Aleksandr Krushelnitckii can’t believe his drugs test result.
Aleksandr Krushelnitckii can’t believe his drugs test result.

Russian curler stunned by positive drugs test

RUSSIAN Olympic medallist Alexandr Krushelnitckii has denied taking a banned substance in a suspected doping case that has rocked the PyeongChang Winter Games and could imperil Russia's efforts to regain full Olympic status.

 

Krushelnitckii, who won bronze in PyeongChang with his wife in mixed doubles curling, is set to face a Court of Arbitration for Sport hearing in the near future after he tested positive for meldonium, a drug that can aid in endurance.

 

In his first comments since the positive test emerged this week, Krushelnitckii said he had never taken any banned substances and was categorically against doping.

 

"Only a person devoid of common sense can use any kind of doping, and especially (through drugs) like meldonium, ahead of the Olympics where testing is at its highest level," he said.

 

The case has caused bewilderment among curling athletes. The sport, a kind of chess on ice, calls for steady hands and concentration rather than physical fitness.

 

Russian Sports Minister Pavel Kolobkov came to Krushelnitckii's defence, saying the athlete could not have taken a banned drug deliberately.

 

"It's obvious that in this particular case, the athlete could not have intentionally used a prohibited substance, it just does not make any sense," Kolobkov said.
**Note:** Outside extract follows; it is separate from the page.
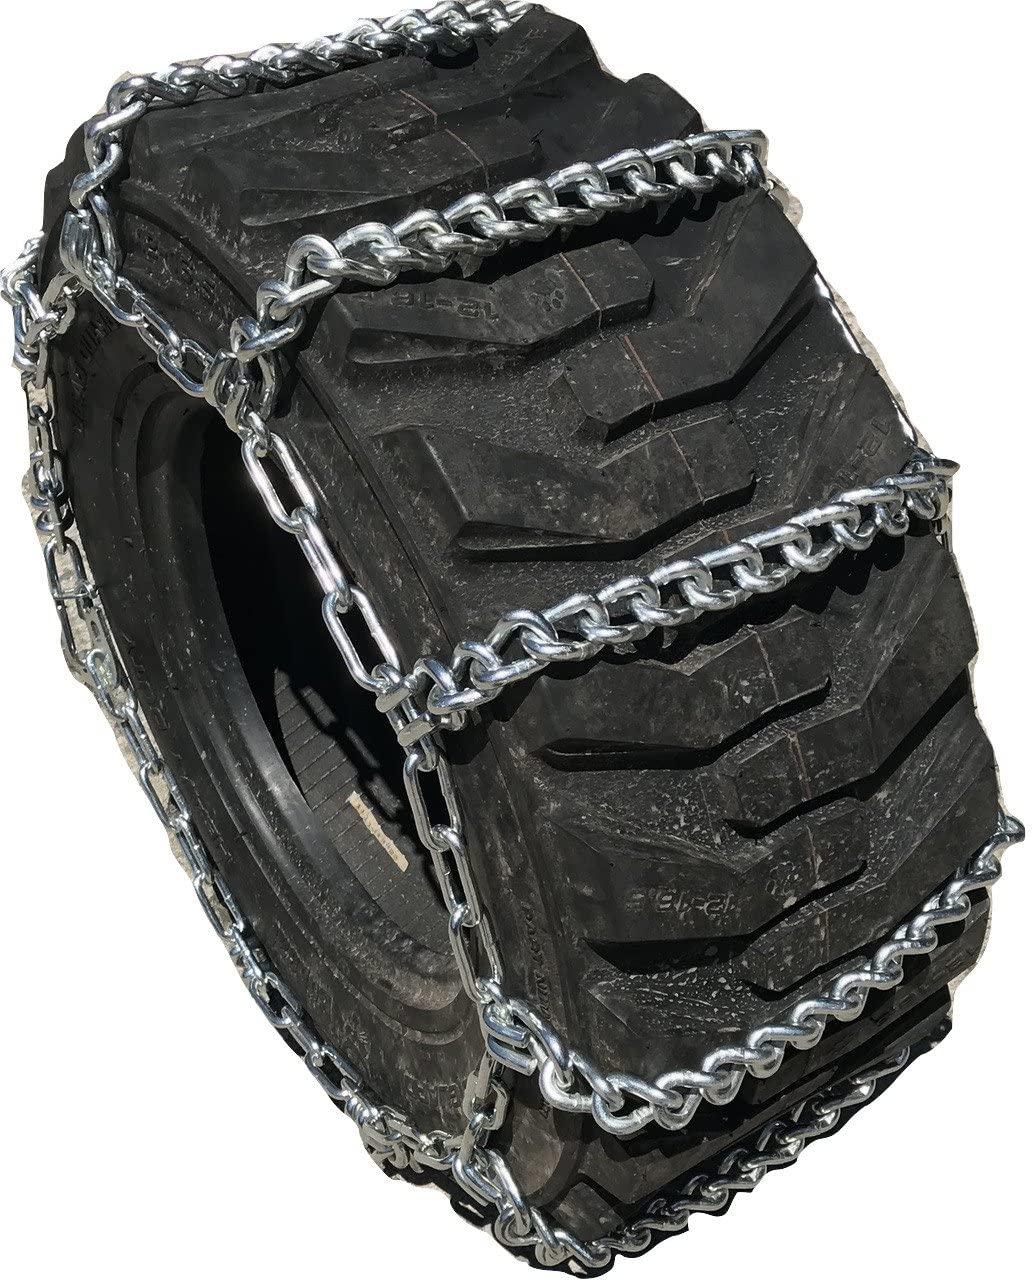 TireChain.com Compatible with John Deere 5090EL Front 7.2-24, 9.5-24, 12.5/80-18 Tire Chains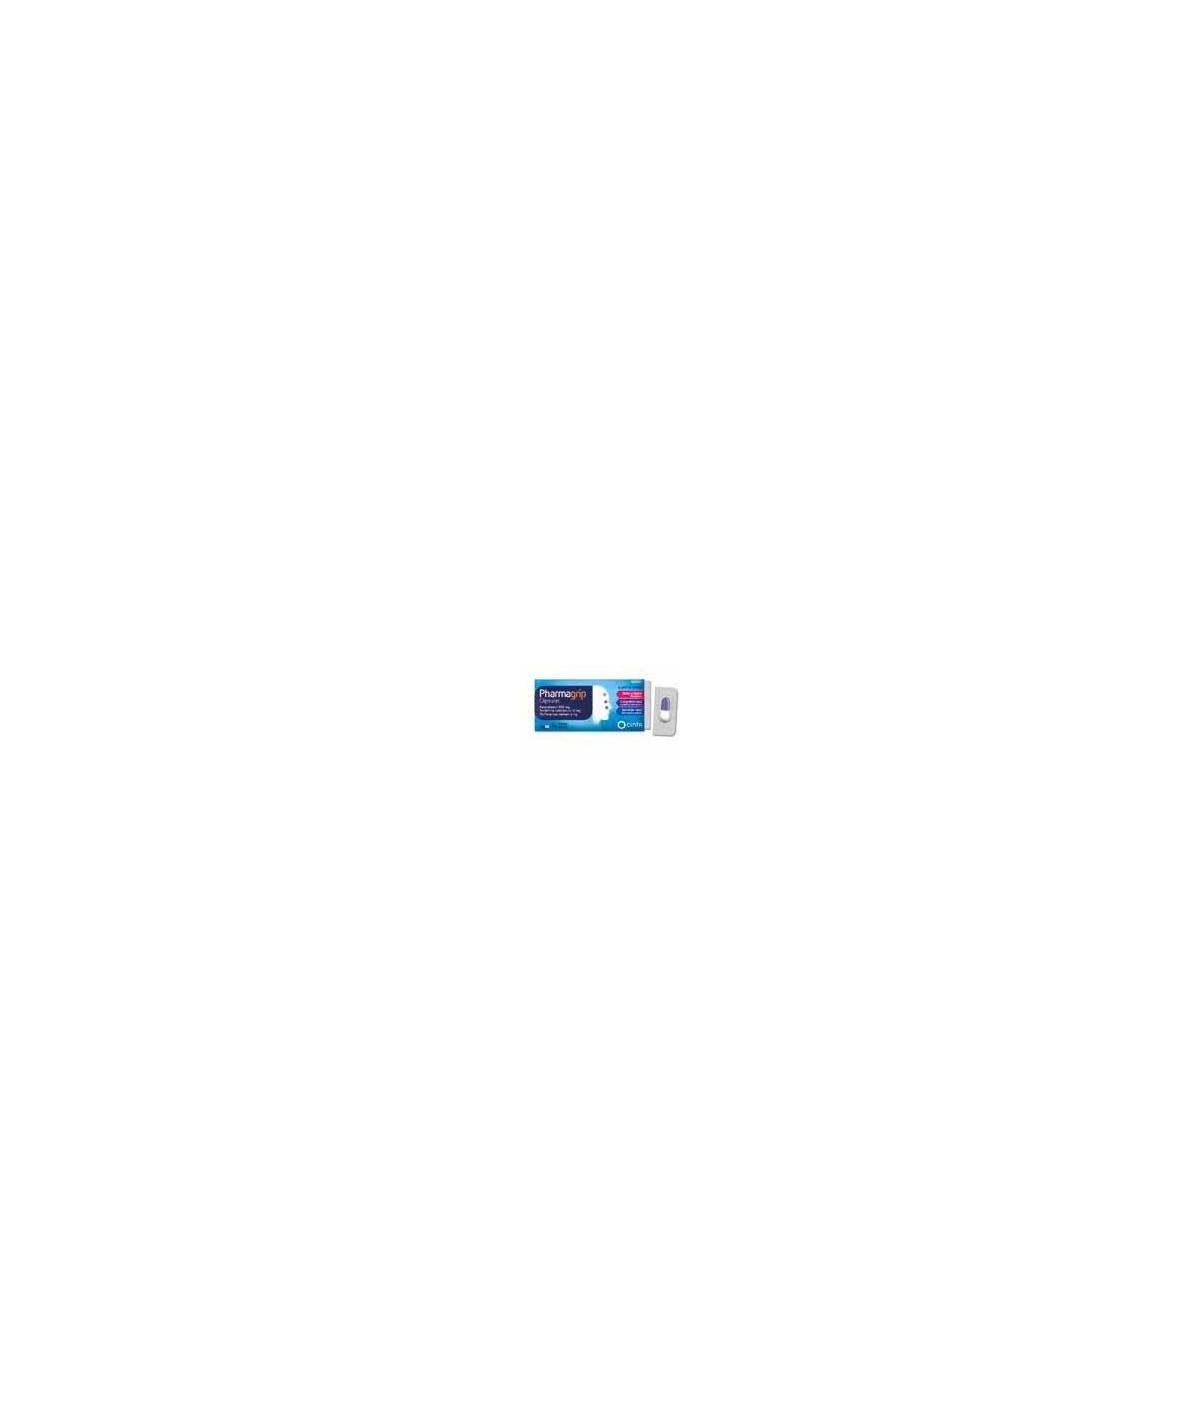 PACK OSMOCLEAN DESINCRUSTANTE 75 ML + CLARIFICANTE 75 ML + REGALO MANOPLAS - Esthederm

Aleksandr Krushelnitckii won bronze in the mixed curling.
Aleksandr Krushelnitckii won bronze in the mixed curling.

 

"Curling, in theory, in not the kind of sport in which dishonest athletes dope."

 

The case comes at a delicate time for Russia, which has been accused of running a state-backed, systematic doping program for years, an allegation Moscow denies.

 

Its athletes are competing at PyeongChang as neutrals, and Russia had been hoping that a clean record at the Games would enable it to return to full Olympic status.

 

The Russian Olympic delegation said it could not explain how meldonium ended up in Krushelnitckii's body and that it was launching an investigation.

 

The delegation said the concentration of meldonium found in Krushelnitckii's sample suggested he would not have derived a benefit.

 

The news came on the same day that Ziga Jeglic, a Slovenian ice hockey player, failed a test and was suspended for the remainder of the Games.